* Work item
Beginning at the line that contains "The lrt sri", reproduce the entries below exactly, ending with the line that contains "Optimizing Omni-channel Retail". Omit each picture.

* Task input
______

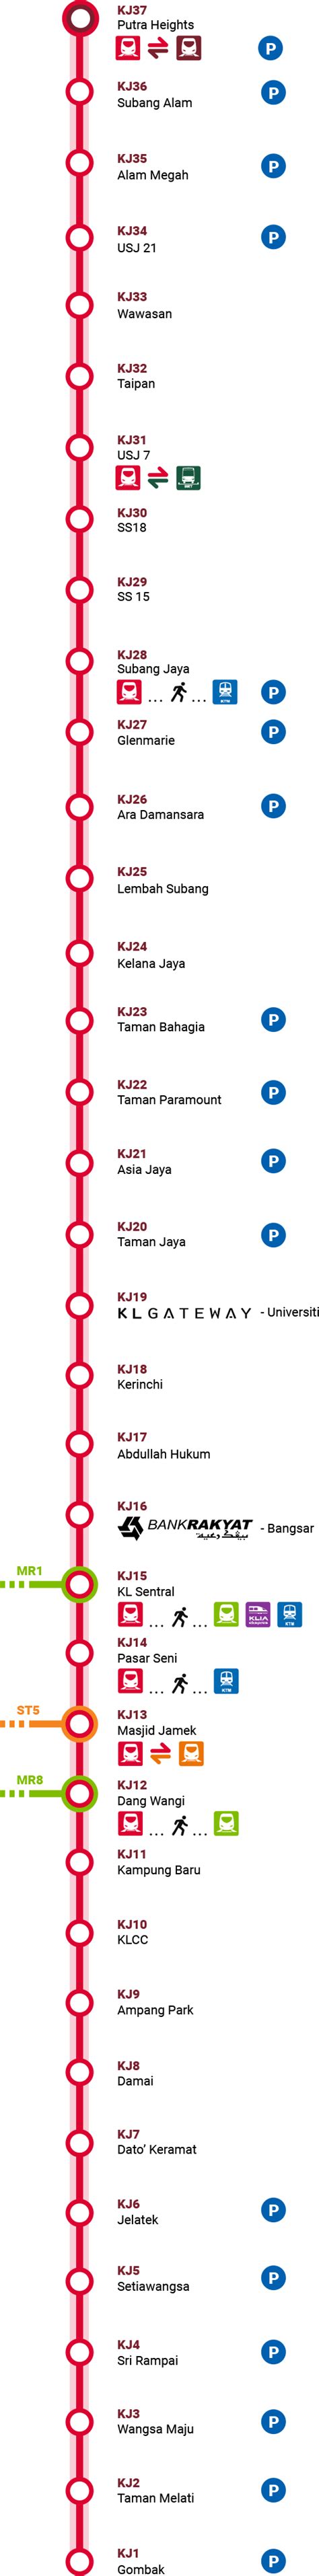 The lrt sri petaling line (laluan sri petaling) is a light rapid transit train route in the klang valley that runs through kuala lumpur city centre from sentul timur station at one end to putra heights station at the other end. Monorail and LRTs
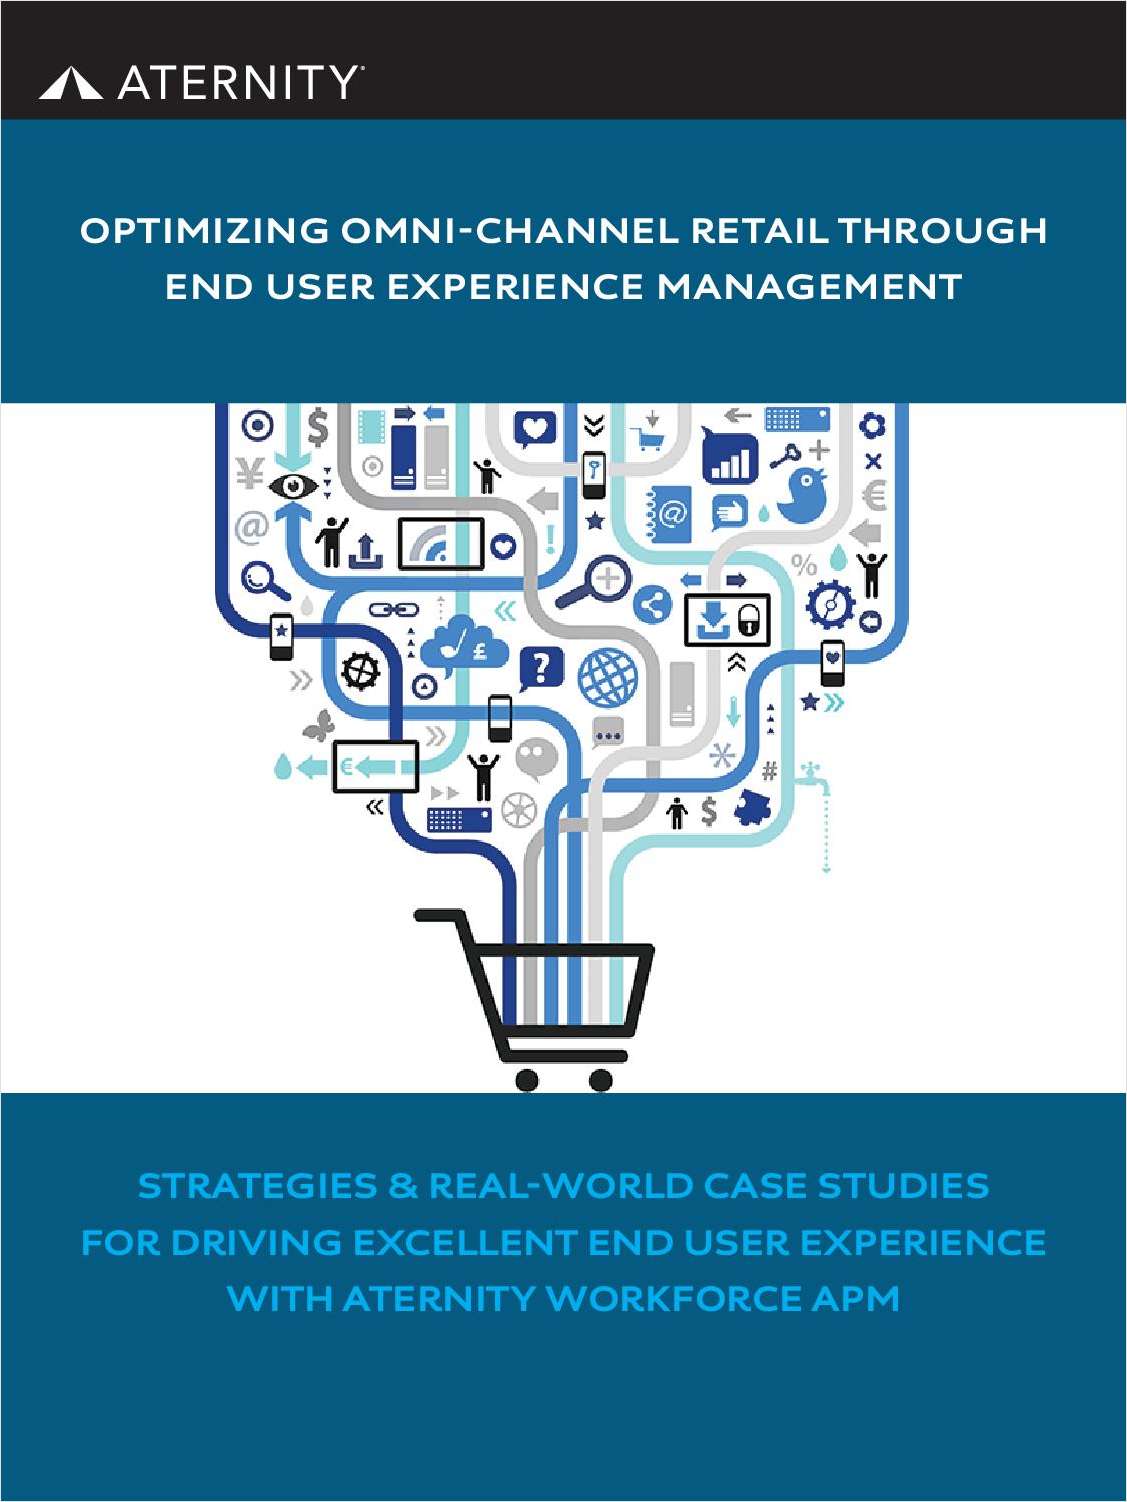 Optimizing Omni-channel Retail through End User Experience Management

______

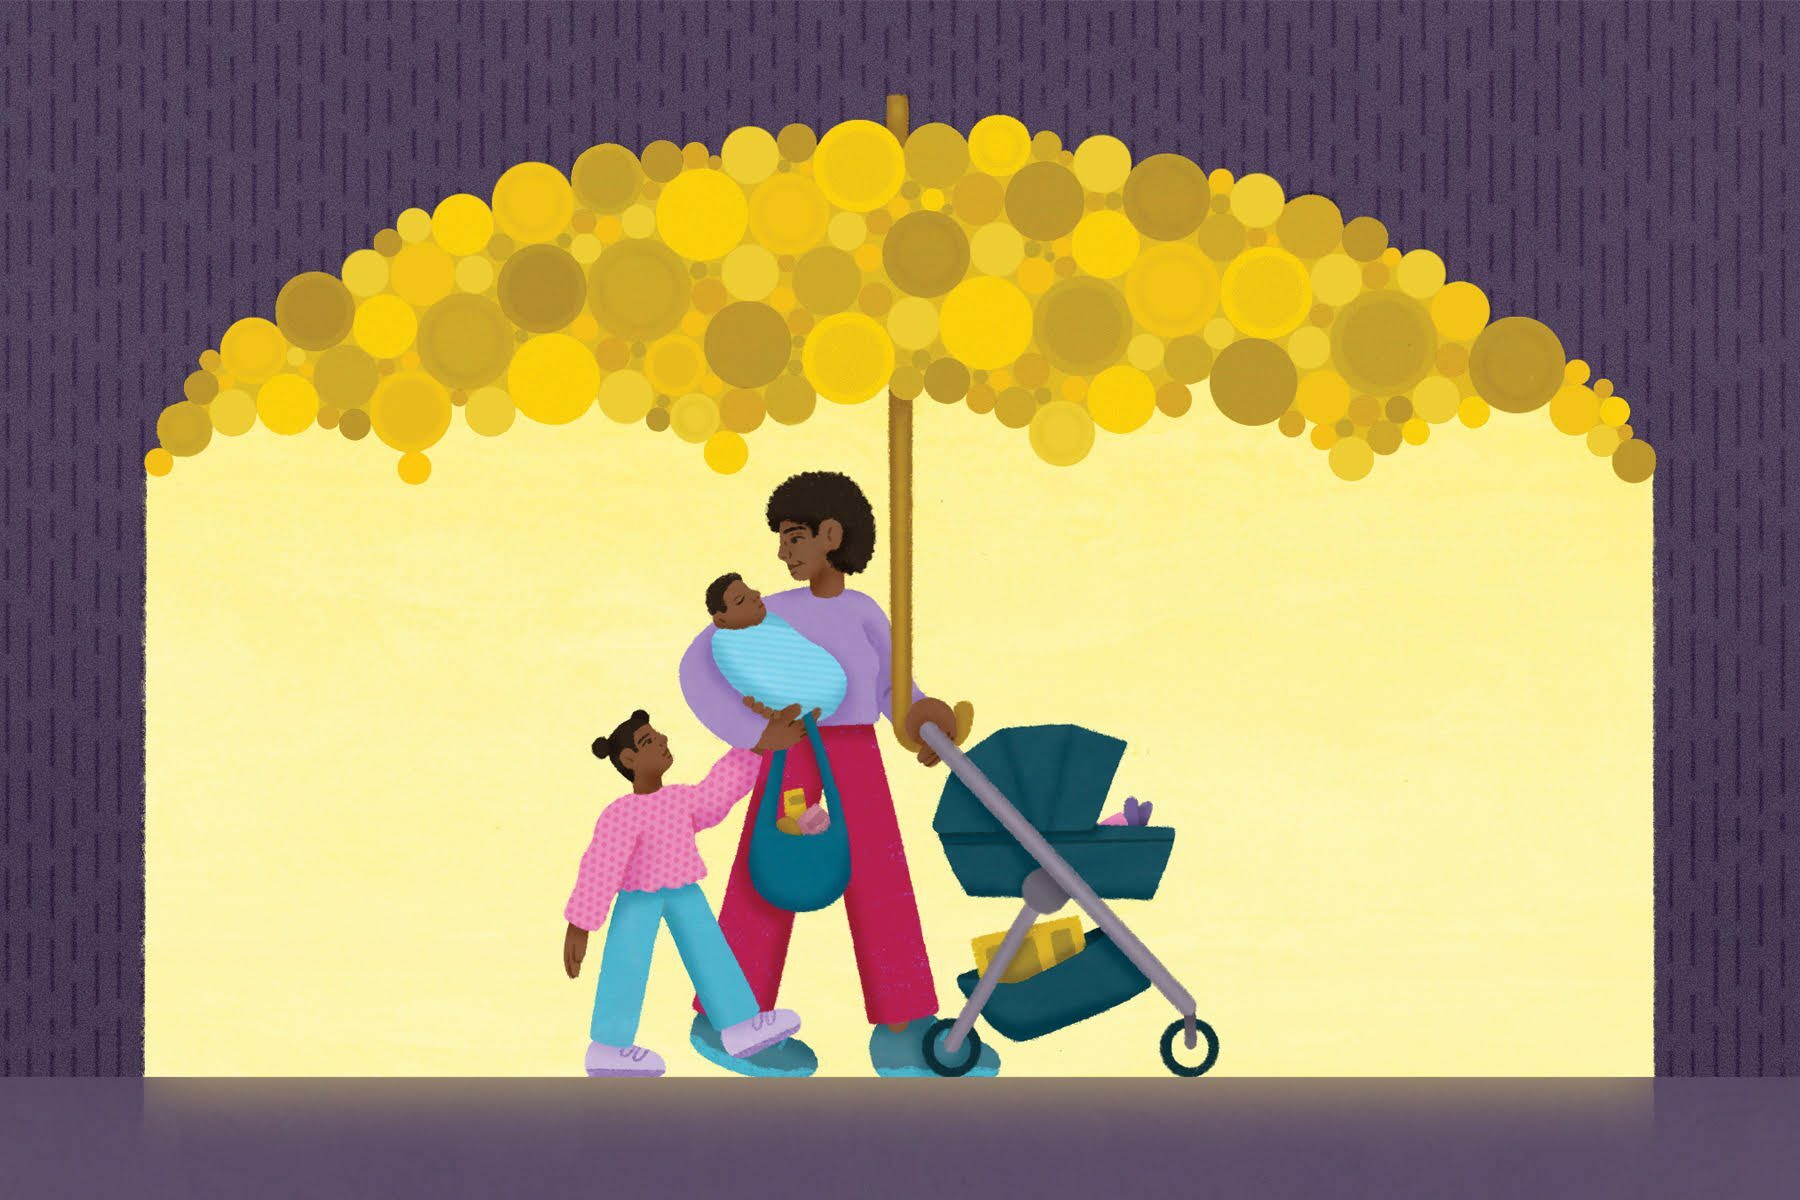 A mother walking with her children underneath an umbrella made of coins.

______

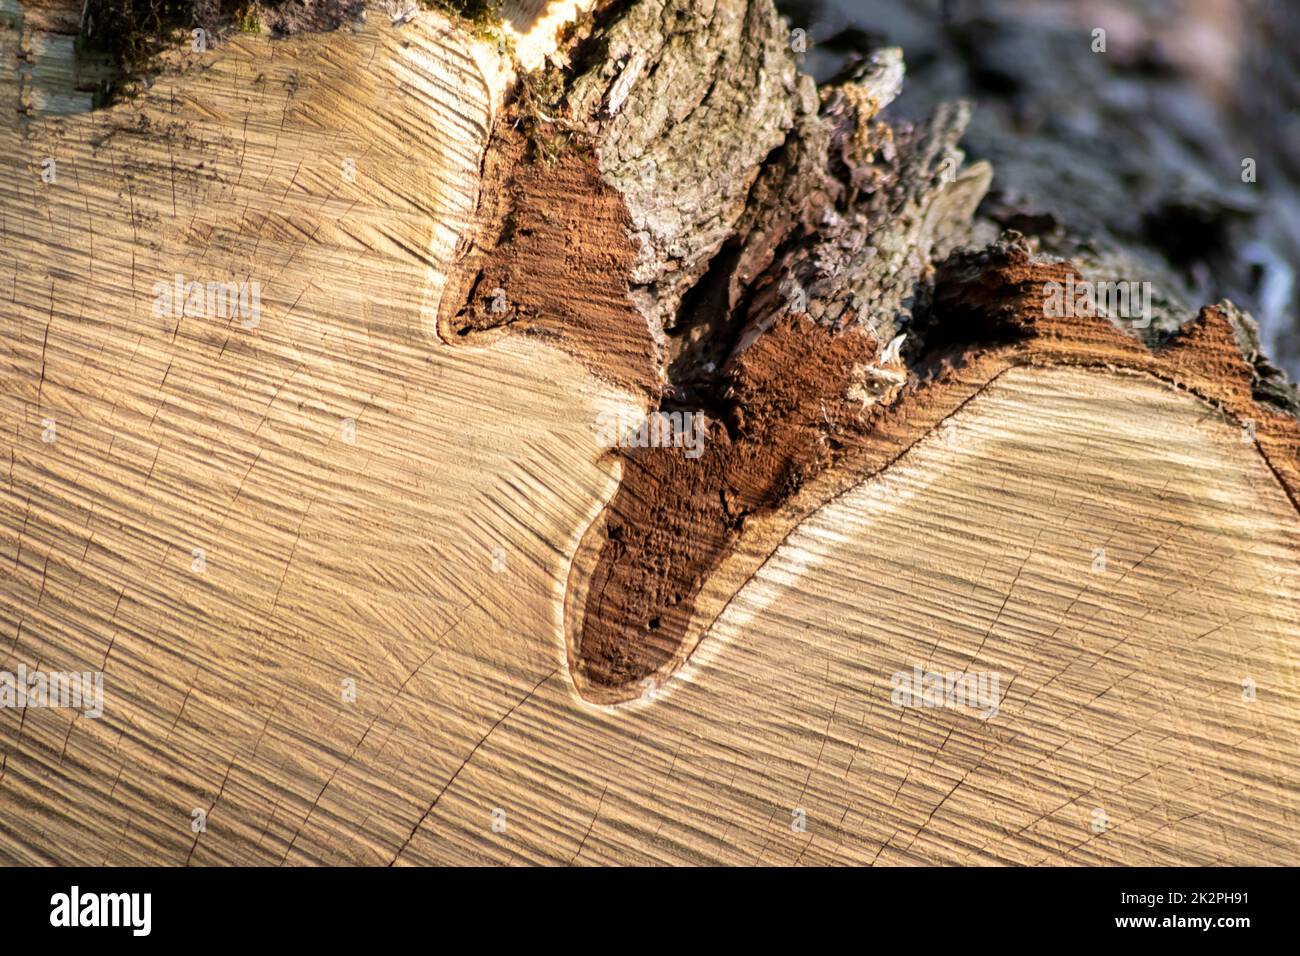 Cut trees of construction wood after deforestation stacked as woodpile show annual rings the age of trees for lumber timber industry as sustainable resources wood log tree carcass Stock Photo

______

* Task solution
 The lrt sri petaling line (laluan sri petaling) is a light rapid transit train route in the klang valley that runs through kuala lumpur city centre from sentul timur station at one end to putra heights station at the other end. Monorail and LRTs
 Optimizing Omni-channel Retail through End User Experience Management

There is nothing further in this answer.